Closed mulderdt closed 3 days ago
Hi @mulderdt, we're working on tuning the auto batchsize calculation to deliver both stability and performance which is challenging over many hardware variants.
You found the appropriate solution though which is to tune the batchsize yourself.

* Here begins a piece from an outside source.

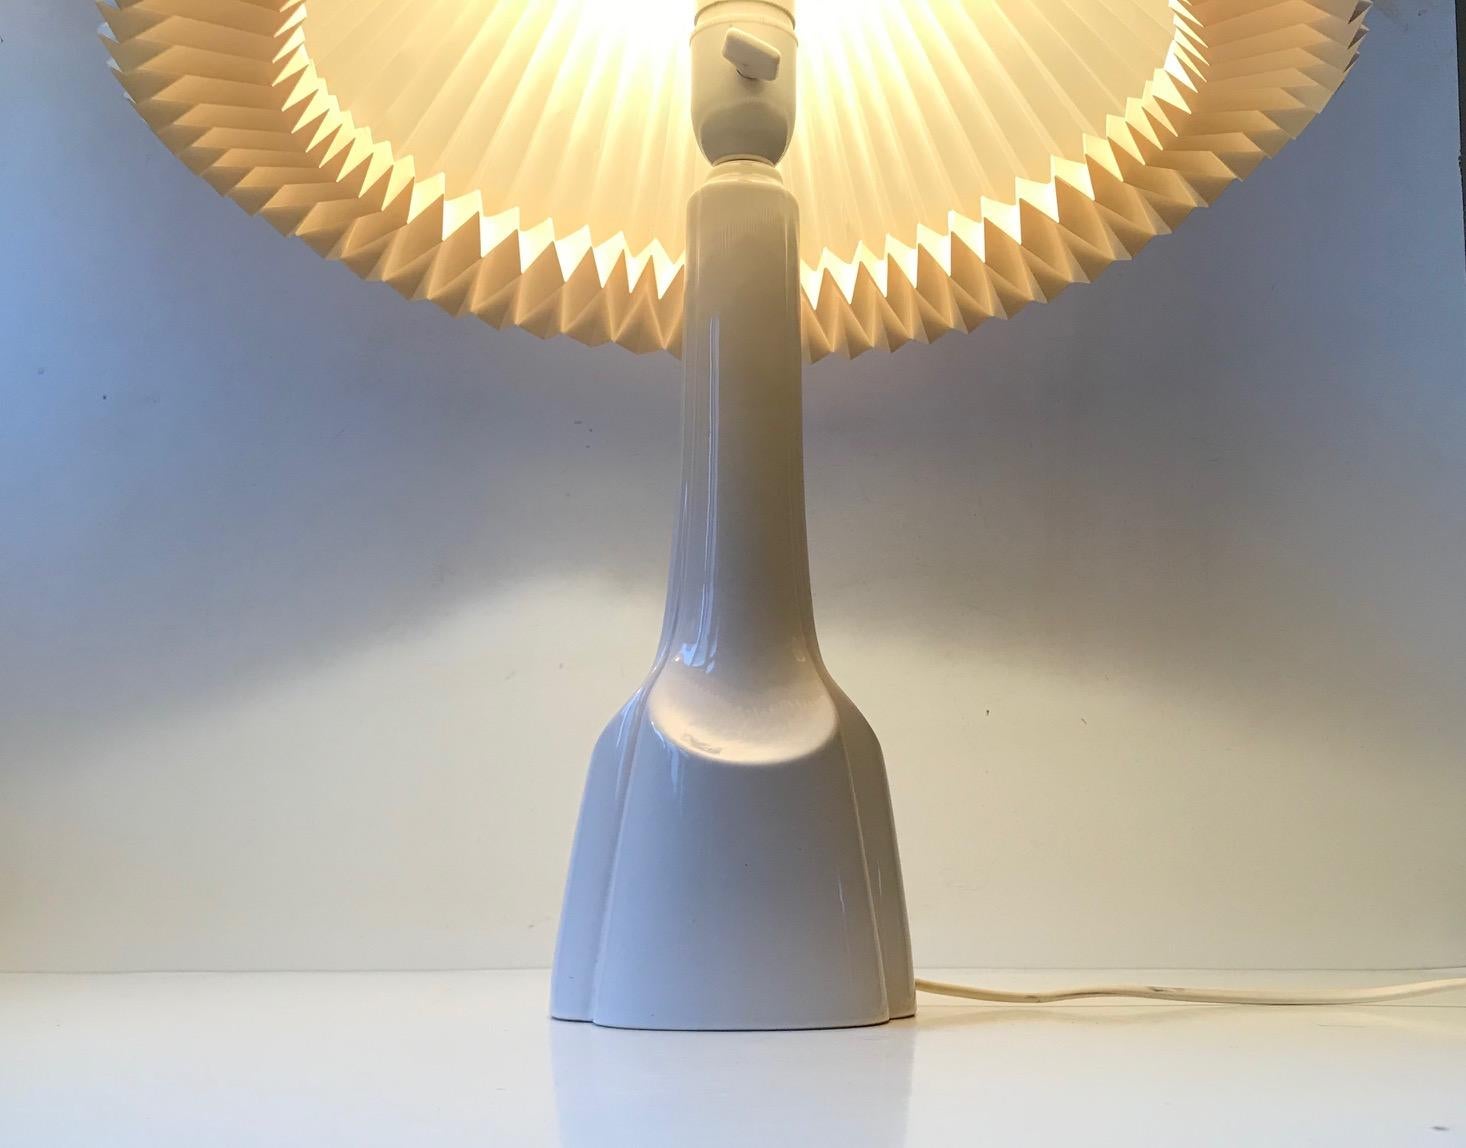 Danish pottery table lamp with a dens white glaze. Stylized architectural shape with soft balanced lines. This particular one was manufactured by Søholm in Denmark during the 1970s. It features its original socket with practical on/off switch.

Does this mean you're issue is resolved?
Best regards, Rich
I have same issue when running on only four POD5 files.
command:
dorado basecaller hac,5mCG_5hmCG /project/sli68423_1316/users/yang/aml_nanopore/results/2024_10_30_guppy_run_test/run_script_PT01/input_pod5/ -x auto --verbose -r --reference /project/sli68423_1316/users/yang/reference/chm13v2.0/chm13v2.0.fa --output-dir /project/sli68423_1316/users/yang/aml_nanopore/results/2024_10_30_guppy_run_test/run_script_PT01/dorado_calls_PT01
error message:
[2024-10-30 09:54:39.902] [info] Running: "basecaller" "hac,5mCG_5hmCG" "/project/sli68423_1316/users/yang/aml_nanopore/results/2024_10_30_guppy_run_test/run_script_PT01/input_pod5/" "-x" "auto" "--verbose" "-r" "--reference" "/project/sli68423_1316/users/yang/reference/chm13v2.0/chm13v2.0.fa" "--
output-dir" "/project/sli68423_1316/users/yang/aml_nanopore/results/2024_10_30_guppy_run_test/run_script_PT01/dorado_calls_PT01"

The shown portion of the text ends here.